LAS VEGAS — Global economist Michael Colopy, speaking at the ICAST show in Las Vegas this morning, said that U.S. companies depending on China for production may see new challenges in the next two years as the aging leadership in the giant nation is replaced.
“There is upward pressure on labor costs as workers are becoming more aggressive in seeking higher pay and more benefits,” said Colopy. “There have been slow-downs and sit-downs and even sabotage in a few cases, and this could spread without changes.”
He said that political stability of the Far East might also be a concern under new leadership.
“China has long claimed rights to the seas off Viet Nam and the Philippines, and Viet Nam, in particular, is not backing down to their claims,” said Colopy. “And in China, there’s rising nationalism. Conflict anywhere in that part of the world could have a huge impact on billions in U.S. manufacturing.”

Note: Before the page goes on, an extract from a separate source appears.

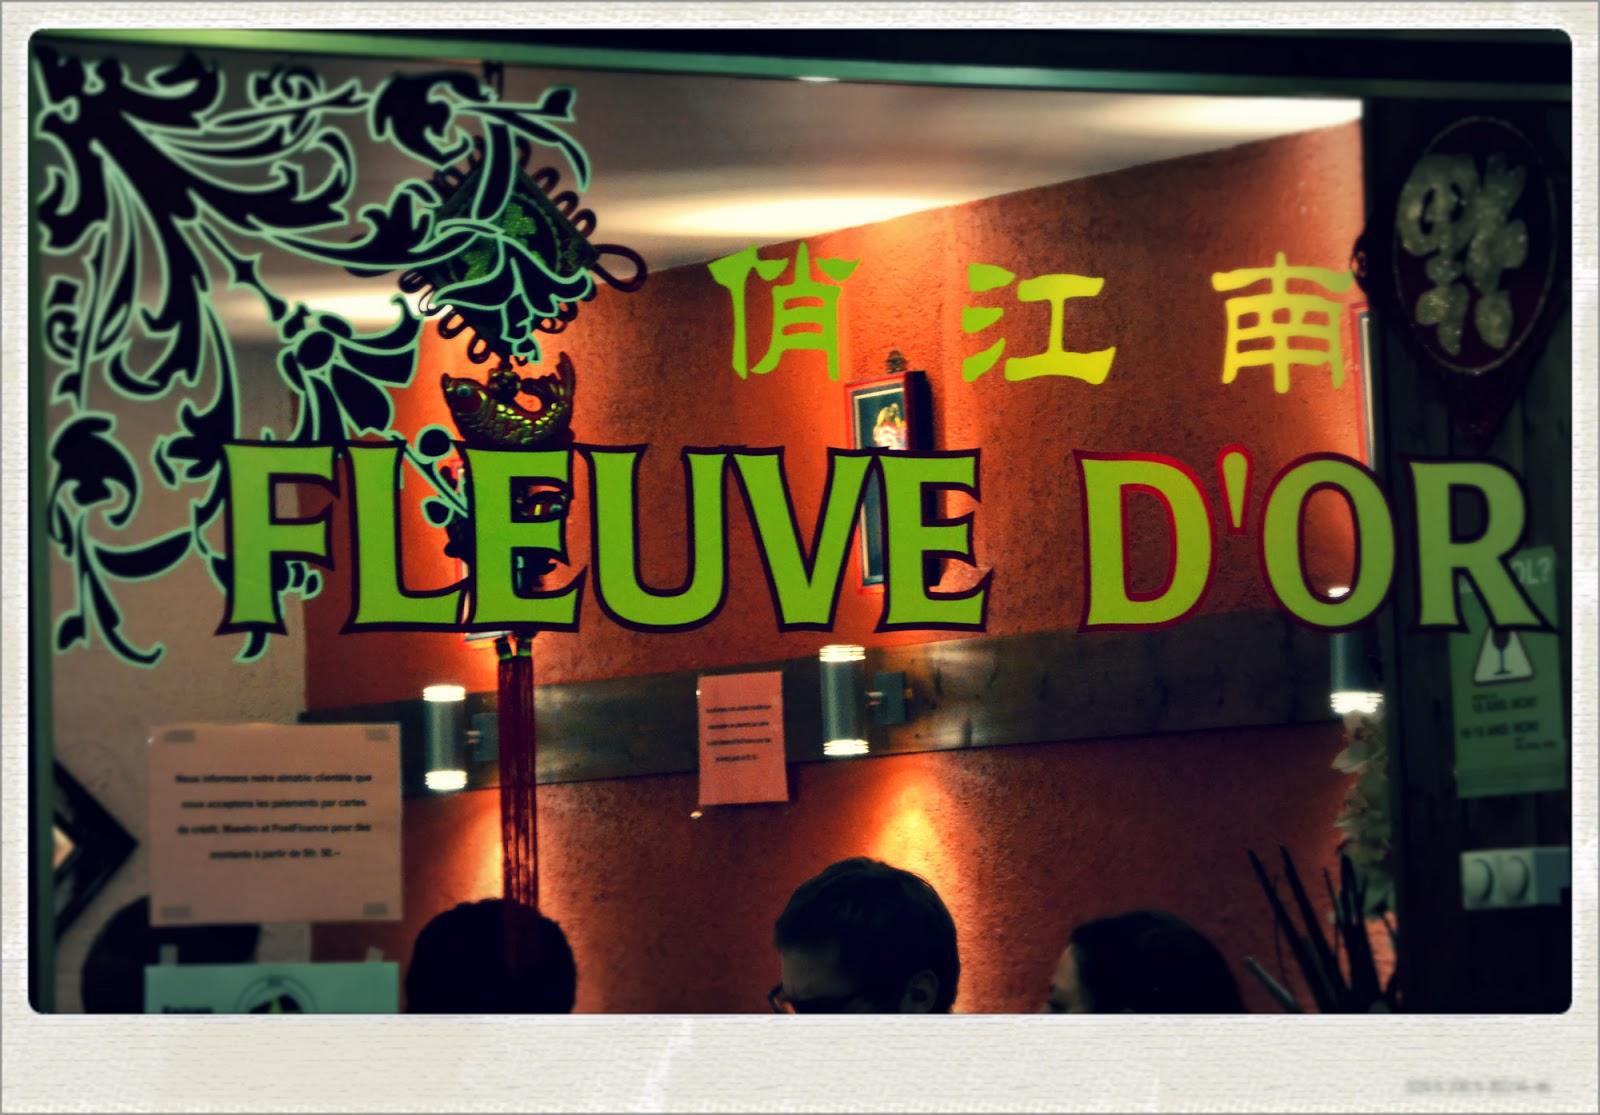 Meilleur Restaurant Asiatique Geneve

He also said that the remarkably rapid rise of an enormous middle class, leaping in a single generation out of poverty, will cause more domestic demand for product, which will put upward pressure on products for export.
On the other hand, he said that there seems to be a quieting of conflict between China and Taiwan, which would likely result in an improved business climate for Western manufacturers.
“Overall, the Chinese want stability in their society, and seem able to keep it at present. Western-style democracy is not about to break out — most people do not want it. They have a different concept, but it seems to be working for them under current conditions,” Colopy said.